About Hydroxychloroquine, did you see the paper that went by suggesting that it could be effective if combined with a TMPRSS2 inhibitor?

https://journals.plos.org/plospathogens/article?id=10.1371/journal.ppat.1009212

The folks on TWiV were doubtful we’ll get a full RCT for that combo at this late date but it was interesting at least.

• TheZvi says:

I hadn’t. As I said, I was far more bullish on ‘it works if done right’ than ‘we’ll say that it works’

2. Tom C says:

In market lingo, Bob’s 9:1 assessment of the odds, if he’s willing to trade either side of that, is a “locked market”. No one in their right mind would make a locked market on any bet.
We used to deal with that problem with the following two rules: 1) Both parties agree that a trade must happen, and 2) the game proceeds iteratively, with the respondent having to either accept a bet or make a narrower market.
For example, I might say to you “I make it 600,000–900,000 total number of US COVID deaths by the end of 2021”. You then must either bet the under (900,000), or make me a narrower market, that is something less than 300,000 wide. You might respond “600,000-700,000”, in which case I must bet the 600,000 under or the 700,000 over. This proceeds until there’s finally a trade.

• Tom C says:

Typo: the under is 600,000, not 900,000!

• TheZvi says:

Yep, classic way to do it, good training for traders, but also skill intensive favoring traders.

3. myst_05 says:

Regarding the “highest death toll” question, Russia came awfully close with 358k excess deaths: https://meduza.io/feature/2021/02/10/teper-pochti-ofitsialno-rossiya-na-pervom-meste-po-chislu-zhertv-koronavirusa-na-dushu-naseleniya-eto-rezultat-deystviy-vlastey-letom-2020-goda. India’s excess deaths seem to be low, but I don’t know how accurate their data tracking is on the ground, so the US indeed seems to have the highest absolute number of casualties.

4. clgn says:

Not sure if #17 should have been an underdog, with spring 2020 knowledge, since we knew that two important things were cyclic:

1. The weather. We had already seen the pattern with historical respiratory viruses. Further, especially in northern climates, the seasons are one of the biggest changes in human activity and the environment, in general (even in highly coordinated activities, like war). I’d have given at least a 30% chance of the seasonal cycle making the pandemic significantly cyclic as well.

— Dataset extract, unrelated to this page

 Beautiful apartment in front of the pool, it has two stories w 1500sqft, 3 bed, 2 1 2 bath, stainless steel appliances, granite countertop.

2. The control system. This was back in Spring, when the sheer power of the control system hadn’t yet shown itself. But we still knew abstractly about its existence, and had seen it in other forms. I’d have given this a 10% chance.

Even if none of these by themselves would have been capable of making the pandemic significantly cyclic, I’d have put another 5% on a combination of factors aligning to form a big cycle (including things like mutation). It’d only have to coincide for a month, after all.

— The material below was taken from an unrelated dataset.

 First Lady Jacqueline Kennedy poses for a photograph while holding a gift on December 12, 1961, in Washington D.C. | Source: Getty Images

Finally, basically every major historical plague has been cyclic. (And we can guess at reasons why — eg, power-law infections plus linear suppression — but does it really matter?) This would make me put a 25% tax on top of my model: I don’t want to bet against such a consistent pattern for an otherwise complex system. So ultimately I’d have been willing to buy up to 70% with spring 2020 knowledge. (Most of the remaining 30% would be odds of a quick cure/suppression of the disease.)

50k deaths is a very low bar, like you mentioned. It’s only 0.015% of Americans. The flu kills that many in a year. It wouldn’t have taken very much at all for us to have crossed it in a season.

Likewise, strict lockdowns were clearly not sustainable from an economic perspective. It would be another low bar for them to have been loosened at some point. Notably, loosening lockdowns also sows the seeds for future outbreaks, so 50k+ deaths and loosened lockdowns probably highly correlate.

(Disclaimer: I never made an explicit, numerical bet on this back in spring 2020.)